The crew would make sure the station crashes into a designated area of the
Pacific ocean.
``There are chances to get the money, but they are minimal,'' Boris
Ostroumov, deputy director of the Russian Space Agency, told a news
conference in Mission control after the landing. ``I would like to be more
optimistic, but the situation does not allow this.''
Ostroumov said that in fact funding of the Mir dries out in August, but the
agency will try to squeeze out some cash to keep it running until early
spring.
The cosmonauts, who appeared on television link before departing from Mir,
shared the sense of disappointment.
``We are leaving with a bitter heart, we are leaving a little peace of
Russia,'' Afanasyev said as he and the two others sat in front of a Russian
flag, floating in Mir's weightlessness.
Afanasyev and his fellow crewmen left the station in a condition in which it
could orbit earth automatically until a decision is made on whether to bring
it down.
Avdeyev said the station was in good shape. ``For anyone who wishes to work
on her we are leaving the best conditions,'' he told ground control.
Afanasyev and Haignere had been on Mir since February 22 while Avdeyev was in
continuous orbit for 389 days.
``Every team is sad when it leaves but this crew is, of course, more sad
because normally when one leaves another one follows.

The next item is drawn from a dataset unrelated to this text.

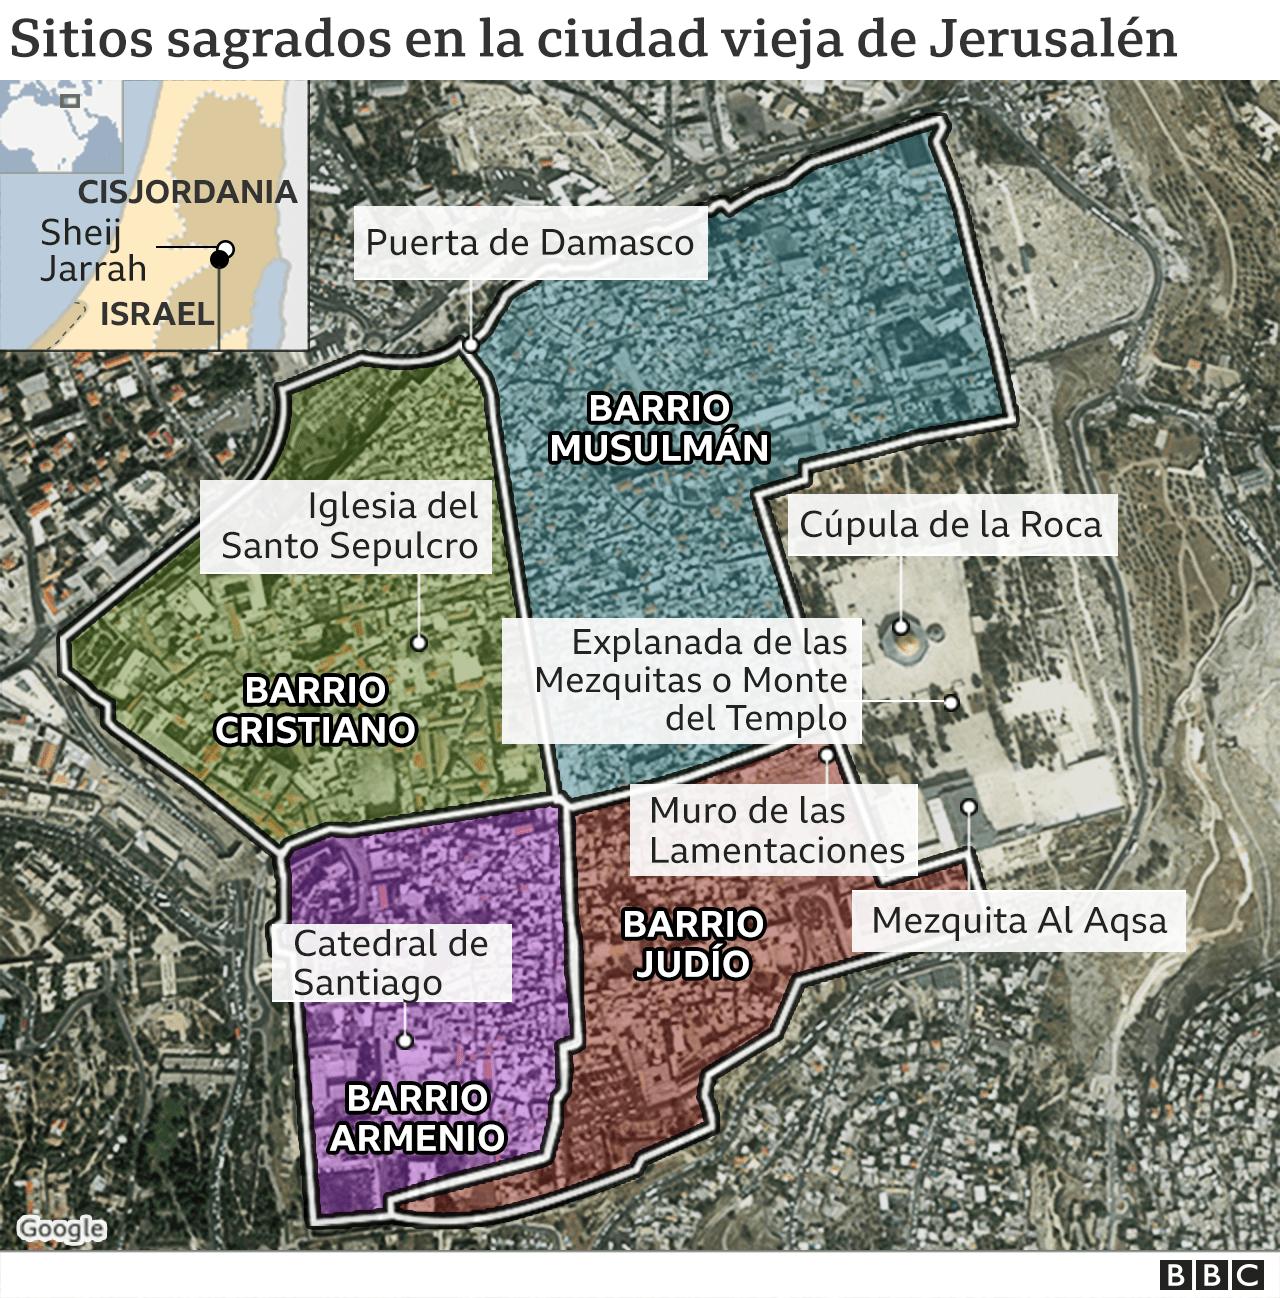 Ciudad vieja de Jerusalén
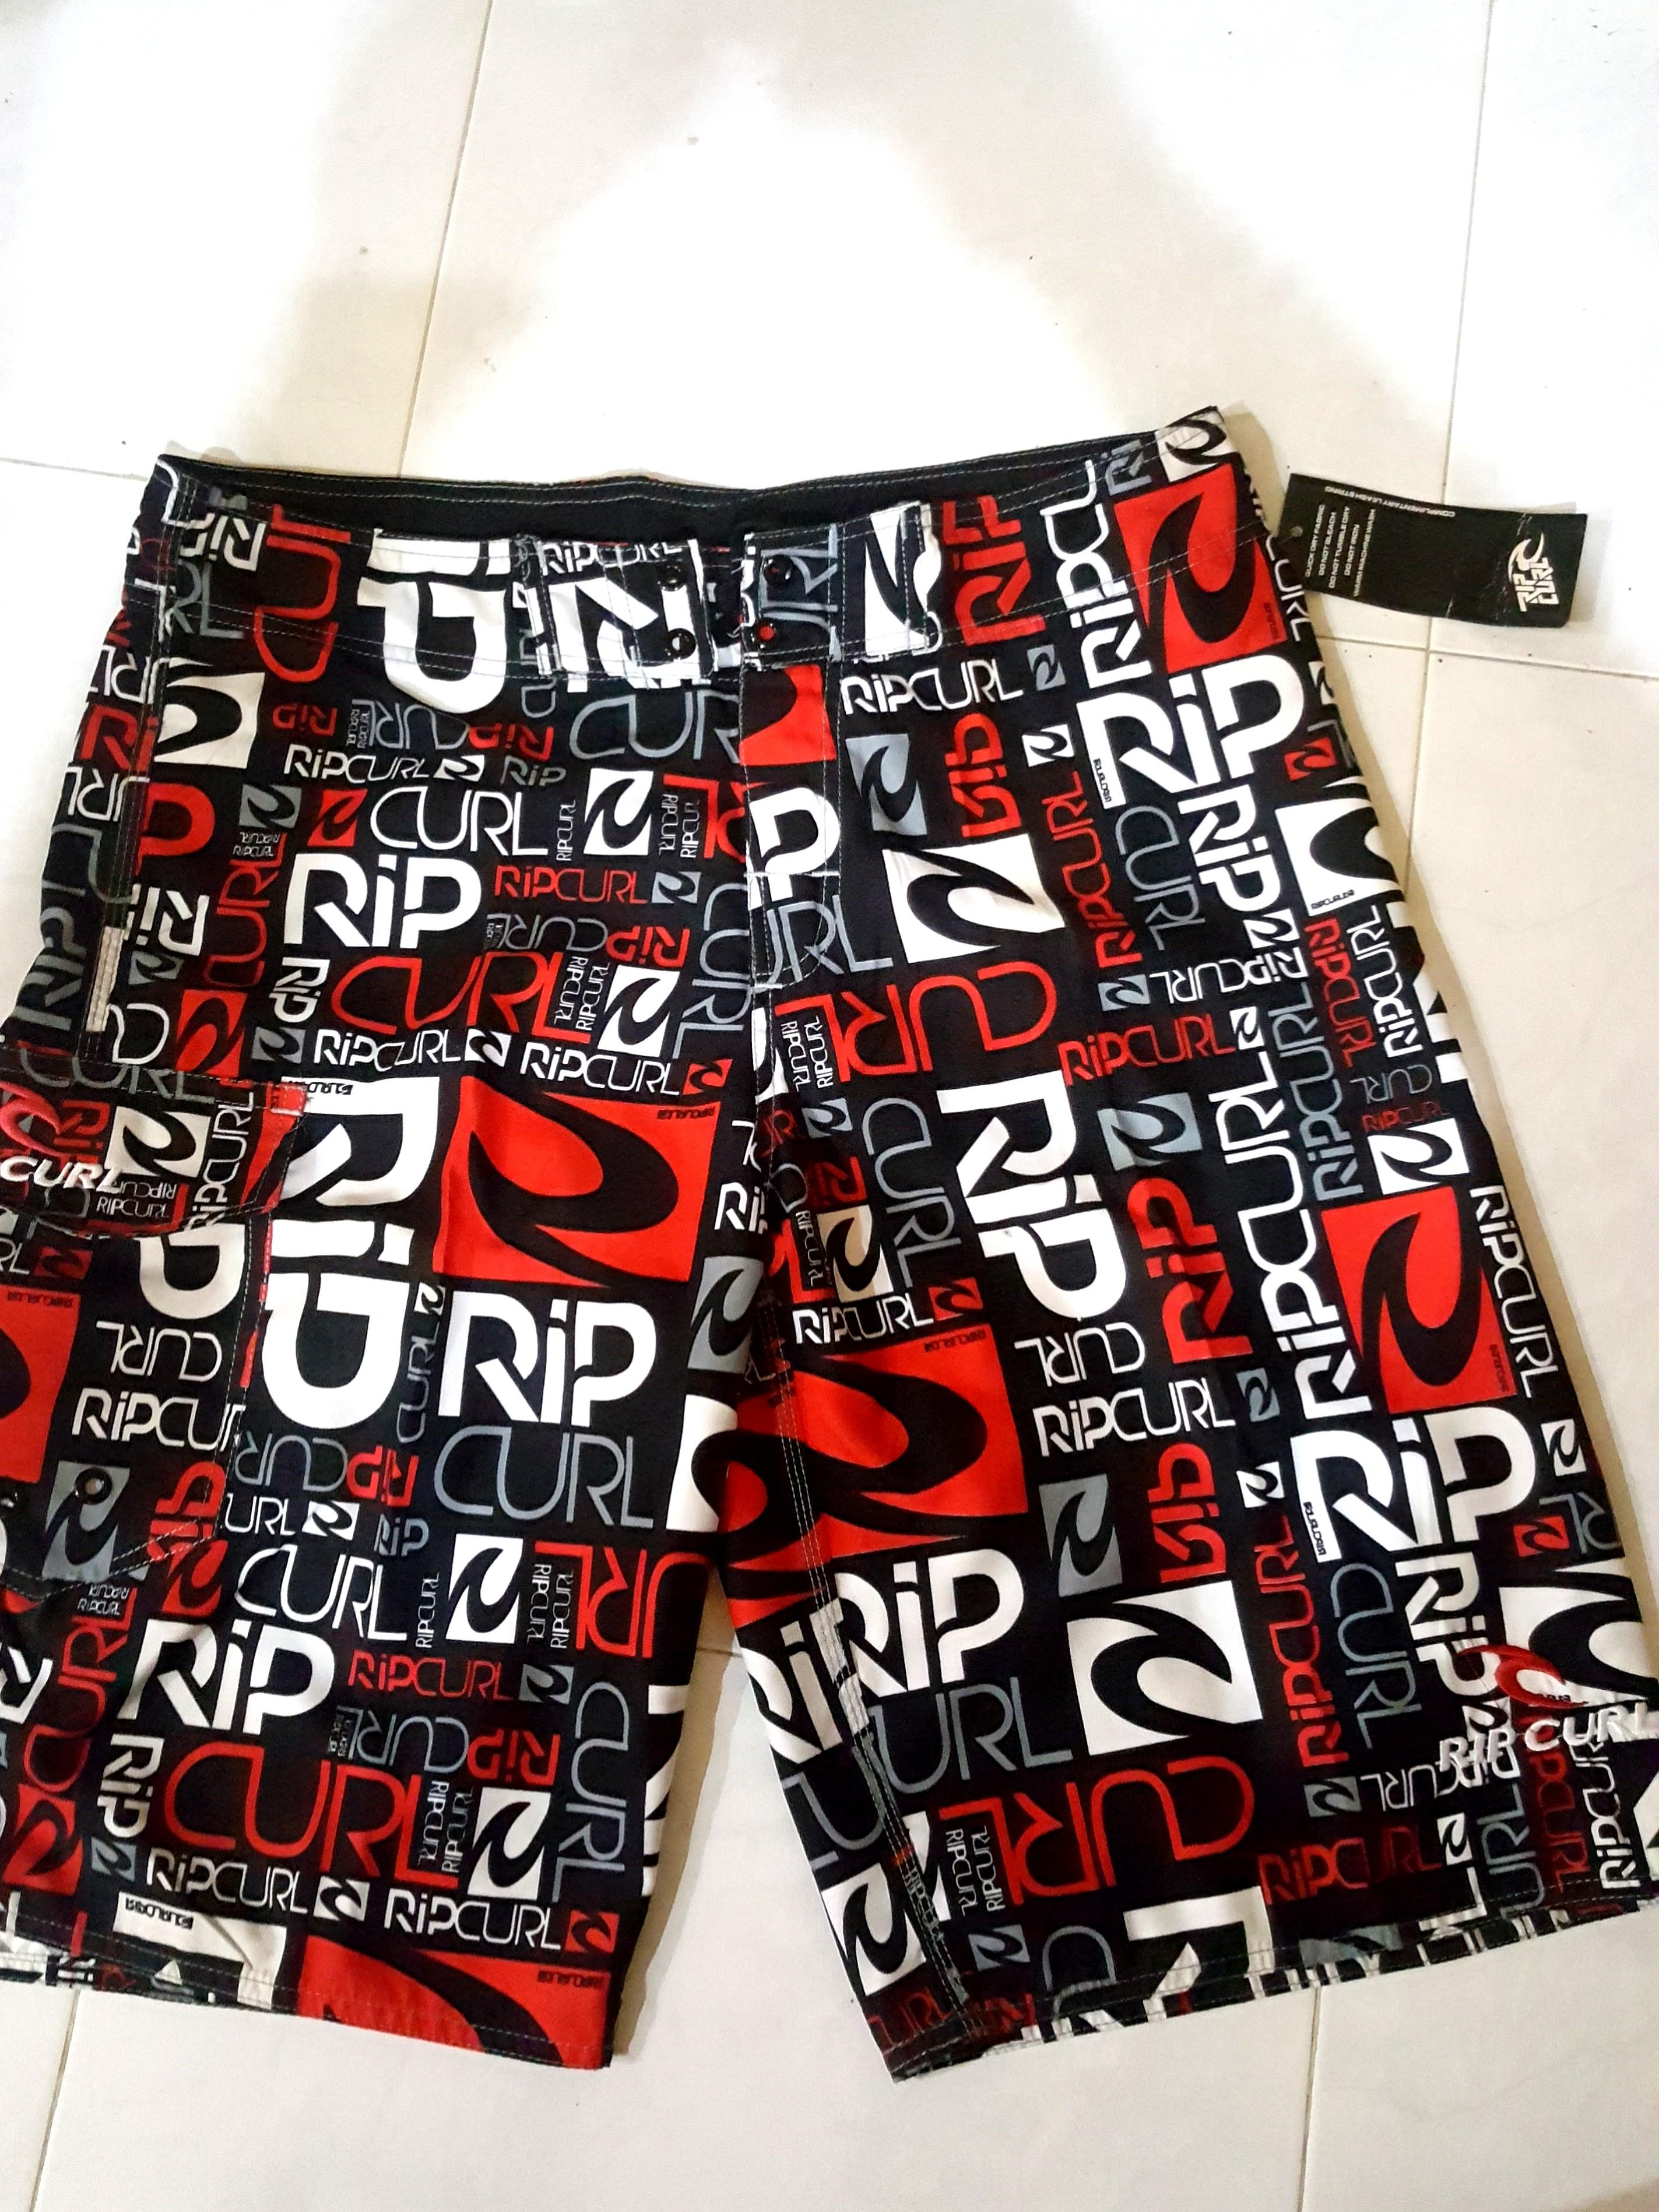 78909d0cc3 BNWT Ripcurl boardshort size 38, Men's Fashion, Clothes, Bottoms on ...

But this time they are
leaving the craft empty,'' Mission Control spokesman Valery Lyndin said on
Friday.
``On the other hand, when they return to earth they will meet their families
and close friends, and that of course is good.''
Avdeyev returns to earth with the record for most time spent in space. By
Saturday he will have clocked up a total of 742 days in orbit on his space
missions, according to the newspaper Vechernaya Moskva.